→ **Collected data**

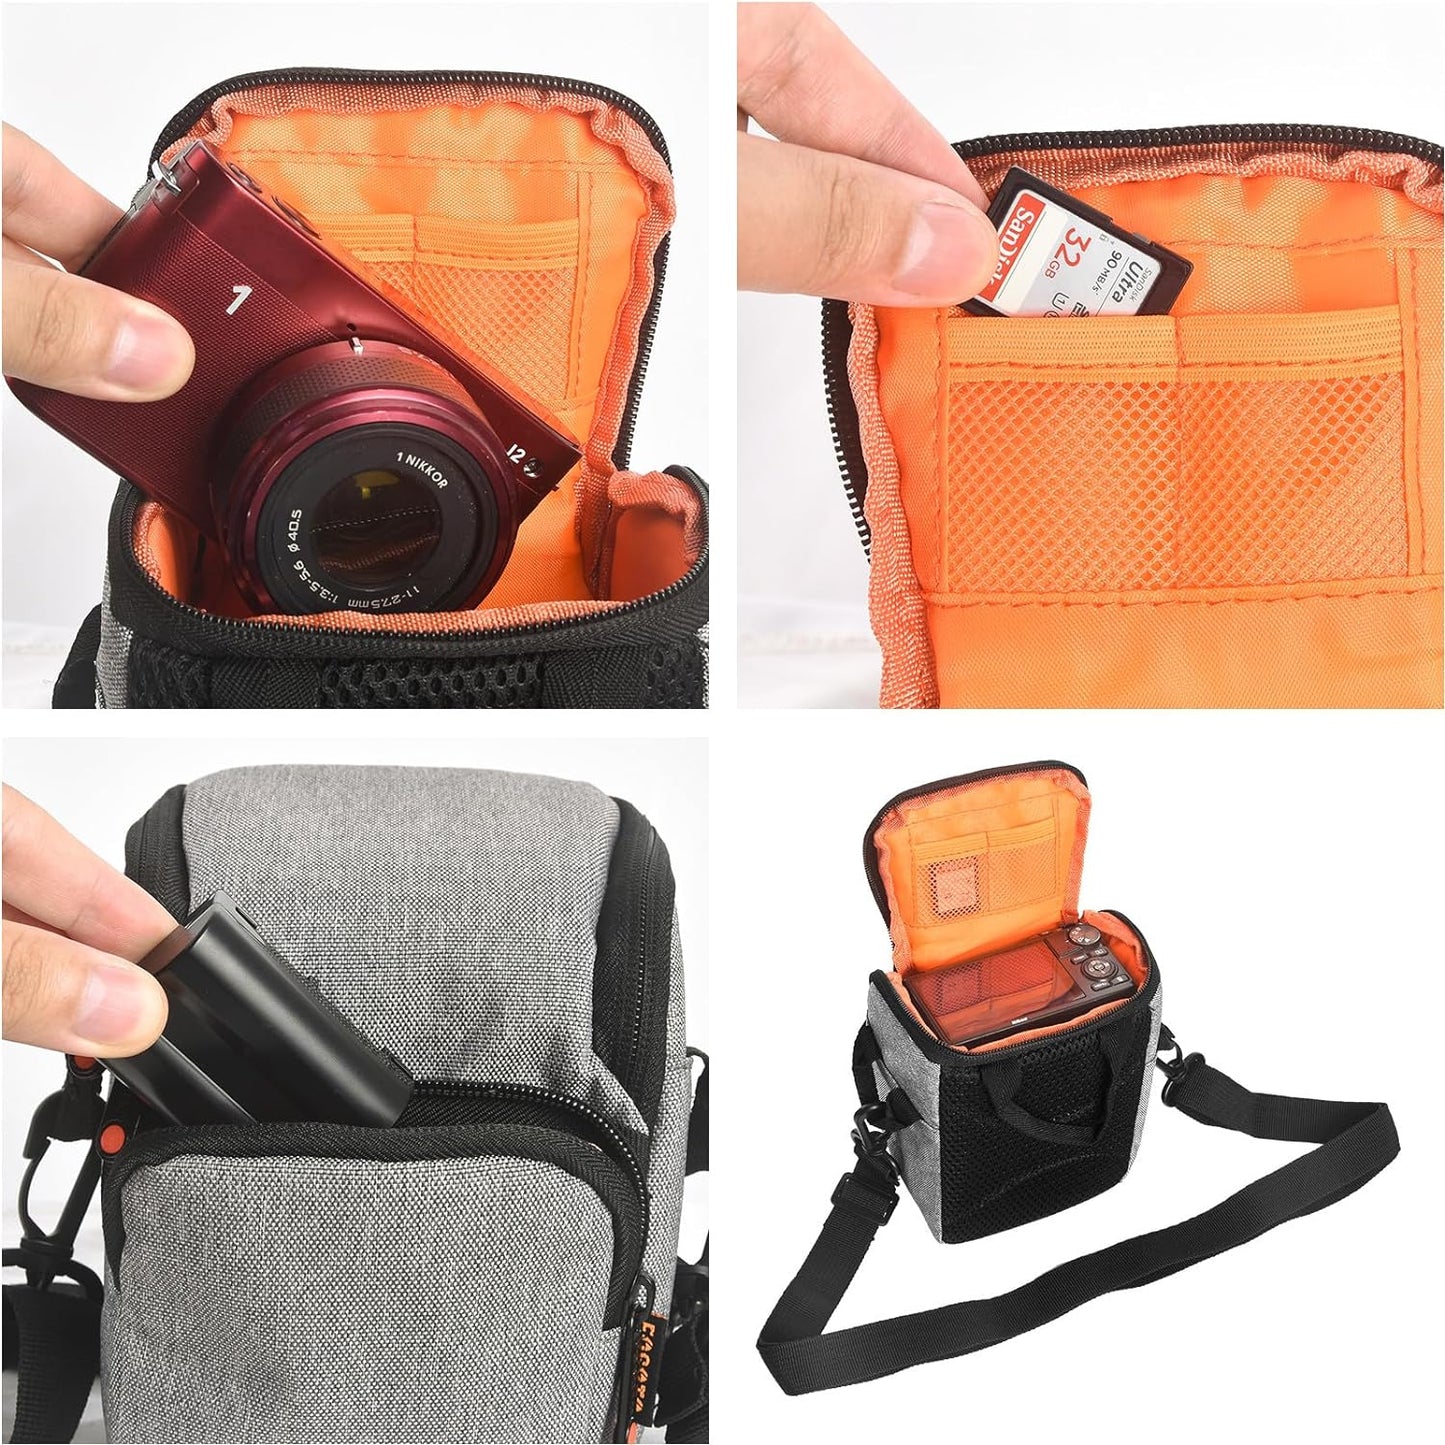 FOSOTO Camera Case Bag Compatible for Nikon L340 L330 B500 L840,Canon SX420 SX720 SX620 G7X, Sony A6000 A6300 a5100 NEX-6 W830 RX100 RX0M2,Panasonic GX85 ZS60 Long Zoom or Compact Syste
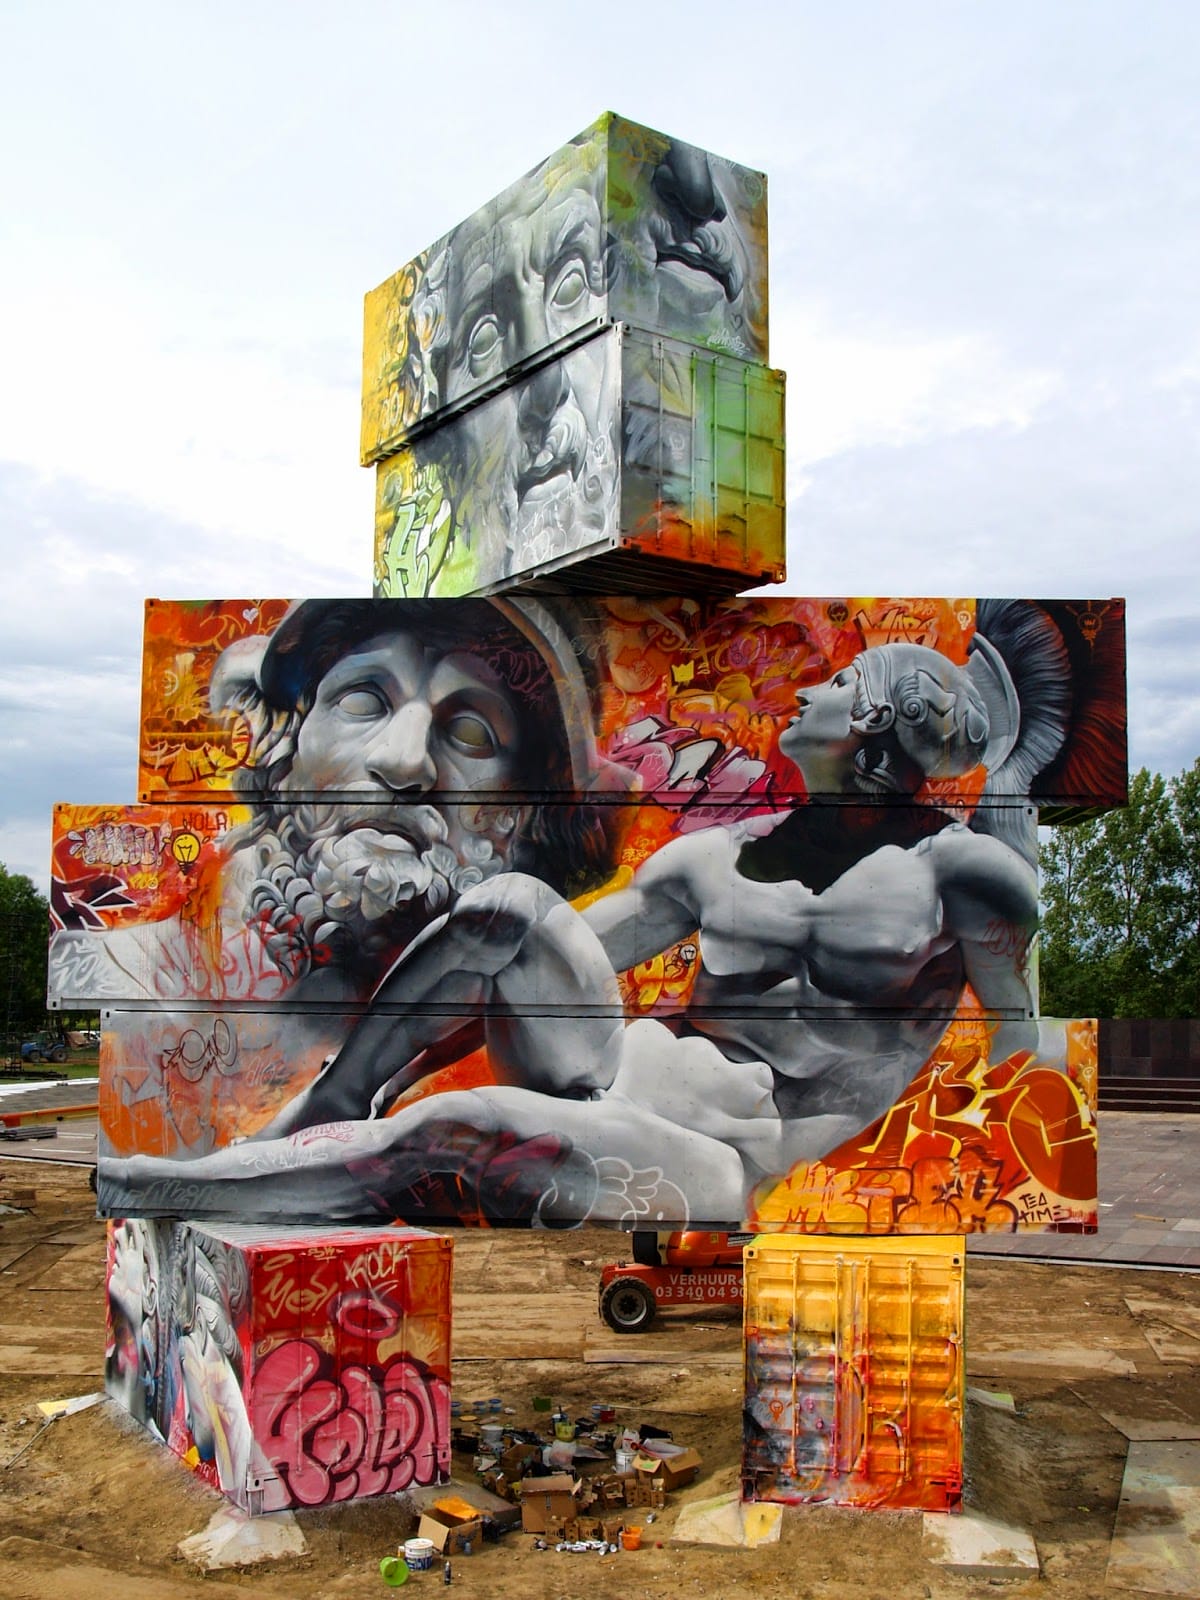 Impressive Monumental Murals That Blend Classical Figures And Graffiti By Pichiavo (17)
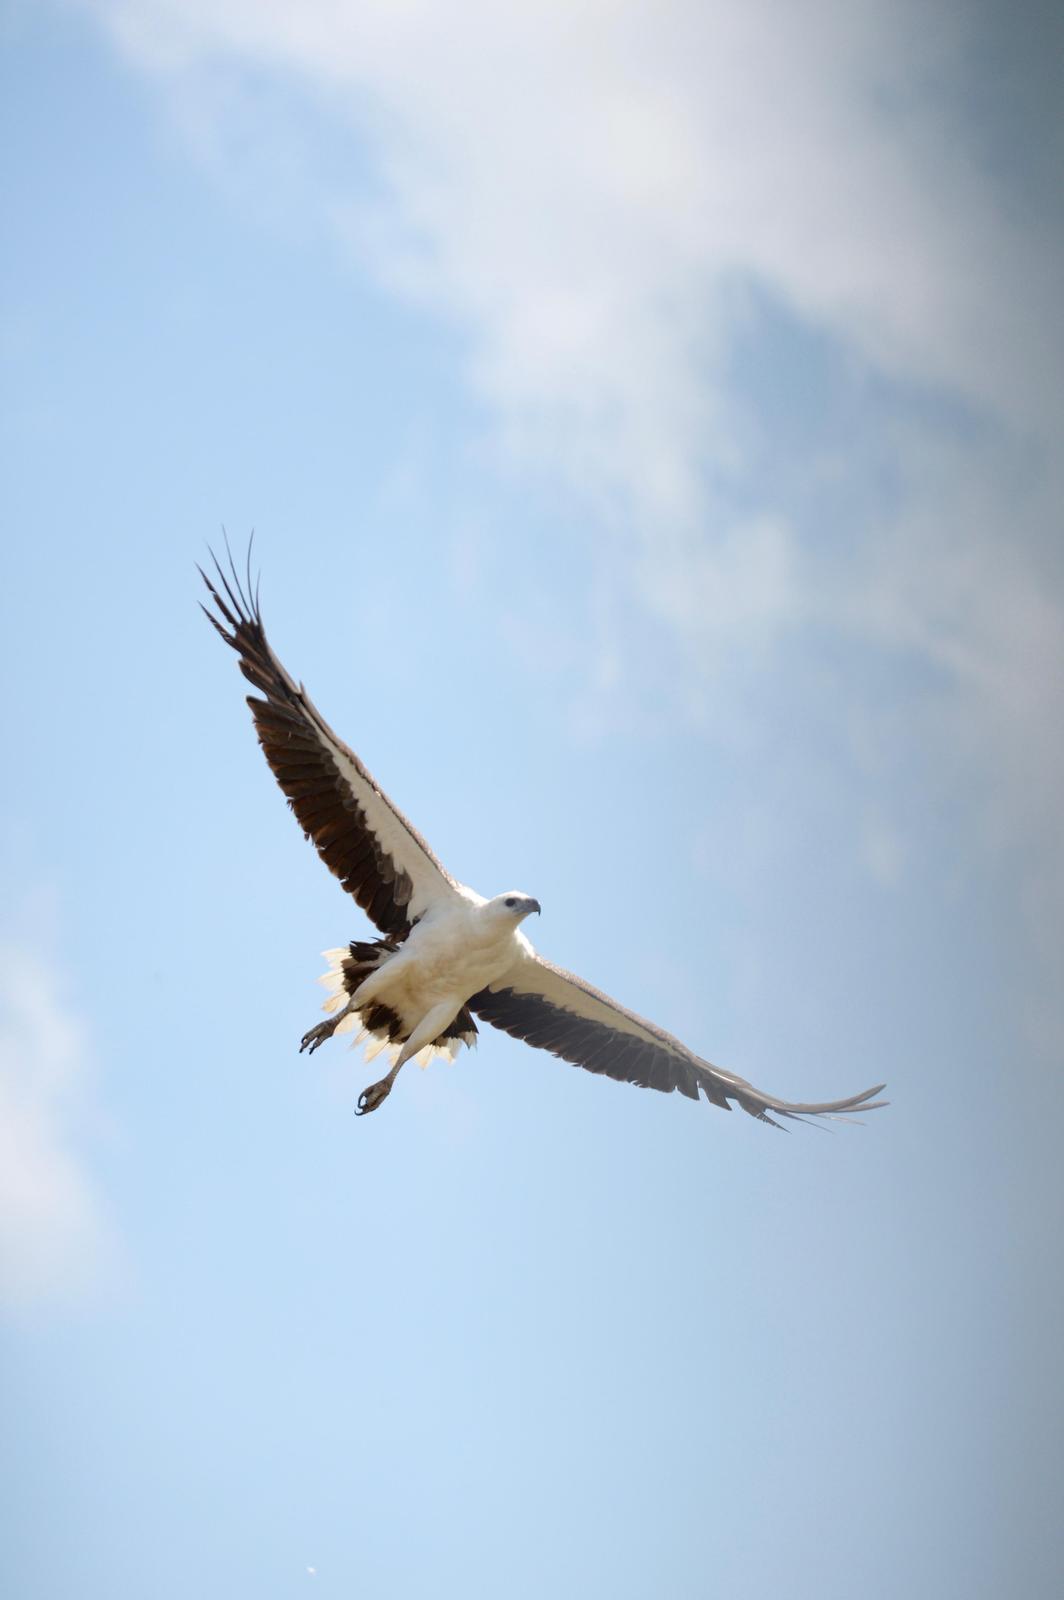 White-bellied Sea-Eagle Photo by marcel finlay

→ **Exercise directions**
Repeat the data word for word; drop the pictures.

→ **Answer to this problem**
 FOSOTO Camera Case Bag Compatible for Nikon L340 L330 B500 L840,Canon SX420 SX720 SX620 G7X, Sony A6000 A6300 a5100 NEX-6 W830 RX100 RX0M2,Panasonic GX85 ZS60 Long Zoom or Compact Syste
 Impressive Monumental Murals That Blend Classical Figures And Graffiti By Pichiavo (17)
 White-bellied Sea-Eagle Photo by marcel finlay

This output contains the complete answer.